Special to WorldTribune.com
Radio Free Europe / Radio Liberty
Pakistan’s Supreme Court has rejected a challenge to its decision to acquit a Christian woman at the center of a years-long dispute over blasphemy charges that included violent protests by Islamists.
“Based on merit, this review petition is dismissed,” Chief Justice Asif Saeed Khosa told a hearing at the country’s highest court, which overturned Asia Bibi’s conviction and death sentence last year.
For Bibi, who has been in protective custody at a secret location since her acquittal in October, the court’s latest decision could represent the final legal hurdle to her freedom.
Bibi spent more than eight years on death row for blasphemy, a hugely sensitive charge in Muslim-majority Pakistan.
She was originally convicted in 2010 after being accused of making derogatory remarks about Islam in a row with her neighbors.
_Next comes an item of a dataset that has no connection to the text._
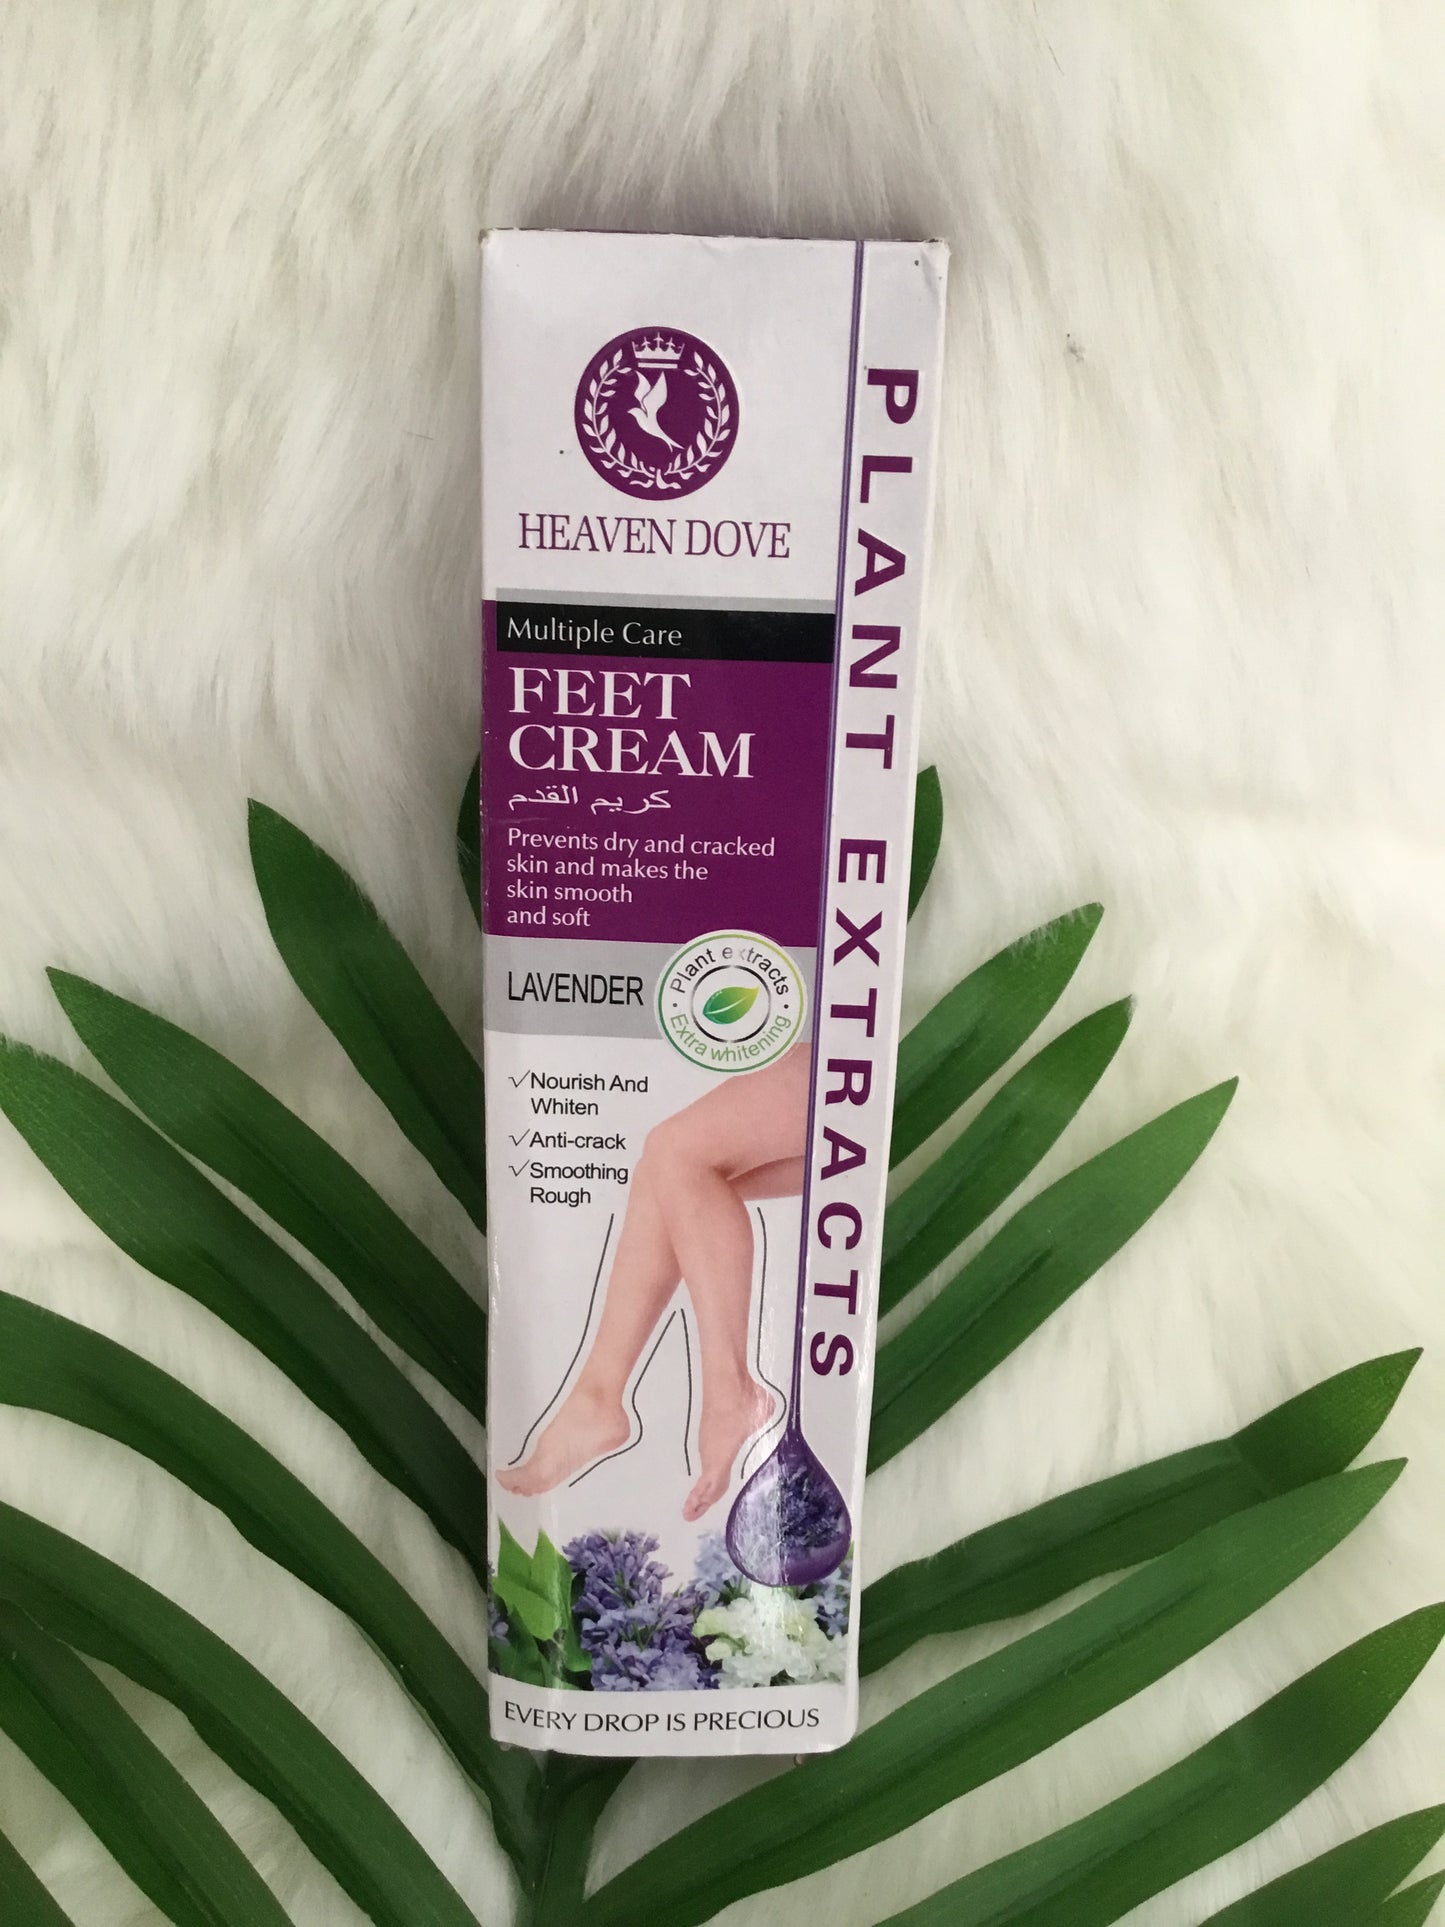 Crème pour les pieds soins multiples extra blanchissante à la lavande./Extra whitening multi-care foot cream with lavender.

Asia Bibi has always maintained her innocence.
The Supreme Court’s decision in October to overturn her conviction ignited days of violent demonstrations, with radical Islamists calling for her killing as well as mutiny within the powerful military and the assassination of the country’s top judges.
The government has since launched a crackdown on the Tehrik-e Labaik Pakistan (TLP) party — the Islamist group driving the violent protests — charging its leaders with sedition and terrorism.
But authorities also agreed to allow a final review of the Supreme Court’s judgement.
The TLP party said earlier on January 28 that it would not accept any decision in favor of Bibi’s release and asked its followers to prepare for more protests.
Police stepped up security around the Supreme Court in Islamabad ahead of the judges’ decision to cope with possible protests.
Bibi has said she will leave the country as soon as her legal battles are over. Her daughters have reportedly taken refuge in Canada.
Her lawyer, who fled Pakistan after receiving death threats but returned to the country ahead of the Supreme Court’s decision, called the court’s decision a victory for Pakistan’s constitution and rule of law.
“After nine years behind bars for a crime she didn’t commit, it is difficult to see this long overdue verdict as justice,” Amnesty International said in a January 29 statement. “But she should now be free to reunite with her family and seek safety in a country of her choice.”
Approximately 40 people are believed to be on death row or serving a life sentence for blasphemy in Pakistan, according to a 2018 report by the United States Commission on International Religious Freedom.